How to make AIXI-tl incapable of learning

by itaibn0 6y27th Jan 20142 min read5 comments

4


Consider a simple game: You are shown a random-looking 512-bit string h. You may then press one of two buttons, labeled '0' and '1'. No matter which button you press, you will then be shown a 256-bit string s such that SHA512(s) = h. In addition, if you pressed '1' you are given 1$.

This game seems pretty simple, right? s and h are irrelevant, and you should simply press '1' all the time (I'm assuming you value recieving money). Well, let's see how AIXI and AIXI-tl fare at this game.

Let's say the machine already played the game many times. Its memory is h0, b0, r0, s0, h1, ..., b_(n-1), r_(n-1), s_(n-1), h_n, where the list is in chronological order, inputs are unbolded while decisions are bolded, and r_i is the reward signal. It is always the case that r_i=b_i and h_i=SHA512(s_i).

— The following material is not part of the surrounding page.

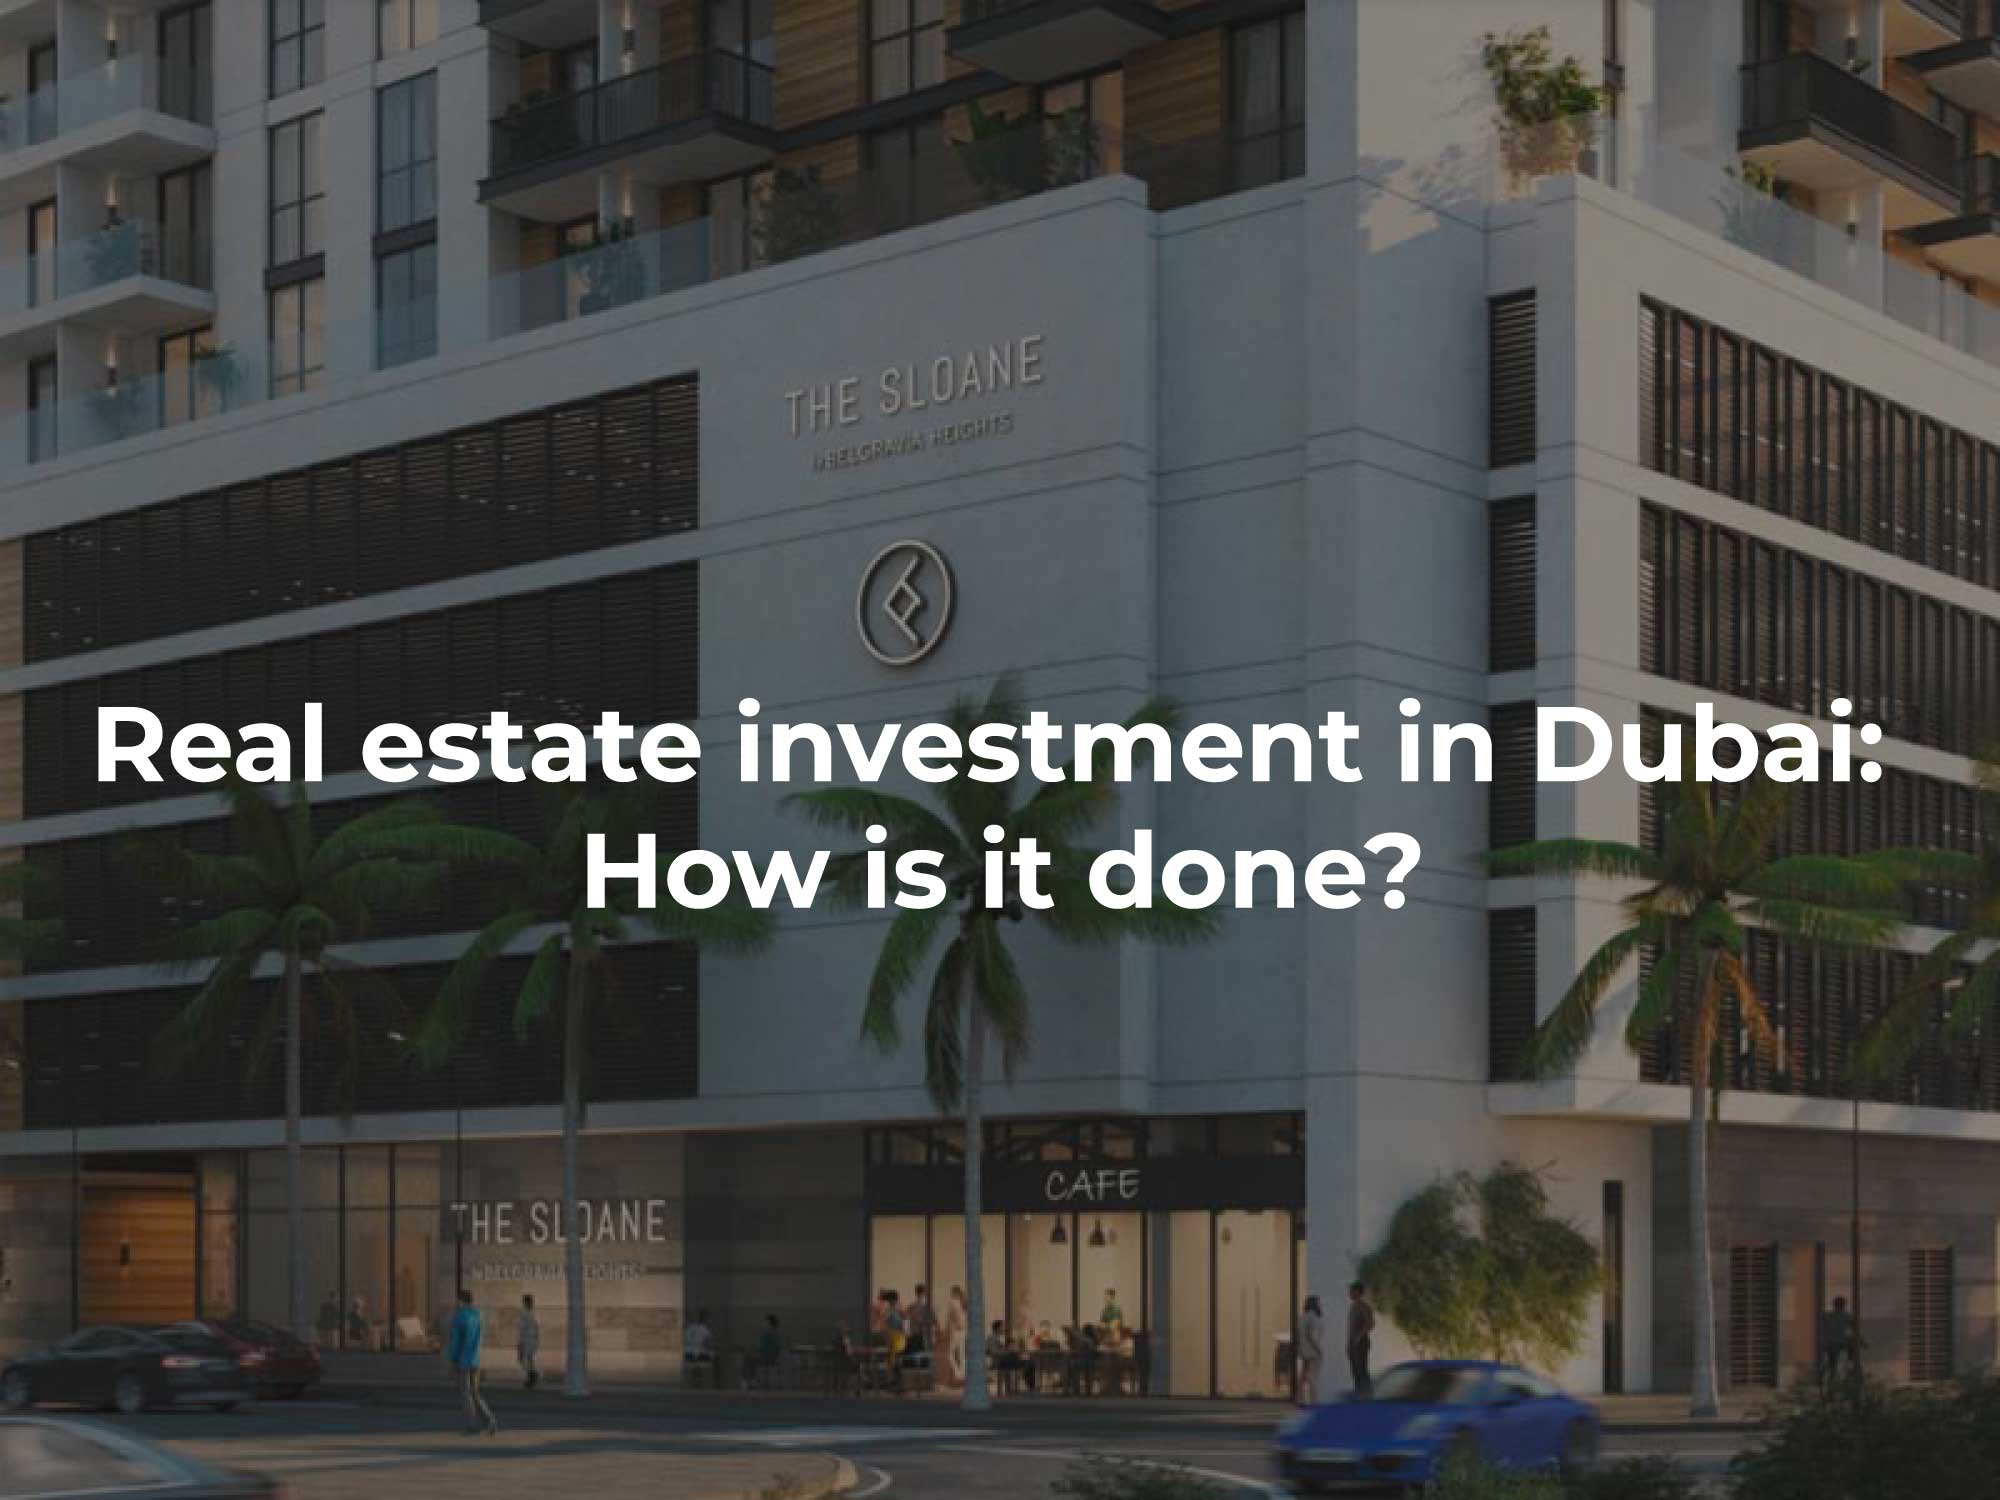 Real estate investment in Dubai: How is it done?

First let's look at AIXI. It searches for models that compress and extrapolate this history up to the limit of its planning horizon. One class of such models is this: there is a list s0, ..., s_N of random 256-bits strings and a list b0, ..., b_N of (possibly compressible) bits. The history is SHA512(s0), b0, b0, s0, ..., b_(N-1), s_(N-1), SHA512(s_N), b_N. Here s_i for i<n must match the s_i in its memory, and s_n must be the almost certainly unique value with SHA512(s_n) = h_n. While I don't have a proof, it intuitively seems like this class of models will dominate the machines probability mass, and repeated arg-max should lead to the action of outputting 1. It wouldn't always do this due to exploration/exploitation considerations and due to the incentive to minimize K (b0, ... b_N) built into its prior, but it should do it most of the time. So AIXI seems good.

Now let's consider AIXI-tl. It picks outputs by having provably correct programs assign lower bounds to the expected utility, and picking the one with the best lower bound, where expected utility is as measured by AIXI. This would include accepting the analysis I just made with AIXI if that analysis can be made provably accurate. Here lies a problem: the agent has seen h_n but hasn't seen s_n. Therefore, it can't be certain that there is an s_n with SHA512(s_n)=h_n. Therefore, it can't be certain that the models used for AIXI actually works (this isn't a problem for AIXI since it has infinite computational power and can always determine that there is such an s_n).

There is an ad hoc fix for this for AIXI-tl: Take the same model as before, but h_n is a random string rather than being SHA512(s_n). This seems at first to work okay. However, it adds n, the current time, as an input to the model, which adds to its complexity. Now other models dependent on the current time also need to be considered. For instance, what if h_n was a random string, and in addition r_n=not(b_n). This models seems more complicated, but maybe in the programming language used for the Solomonoff prior it is shorter. The key point is that the agent won't be able to update past that initial prior no matter how many times it plays the game.  In that case AIXI-tl may consistently prefer 0, assuming there aren't any other models it considers that make its behavior even more complicated.

The key problem is that AIXI-tl is handling logical uncertainty badly. The reasonable thing to do upon seeing h_n is assuming that it, like all h_i before it, is a hash of some 256-bit string. Instead, it finds itself unable to prove this fact and is forced into assuming the present h_n is special. This makes it assume the present time is special and makes it incapable of learning from experience.

4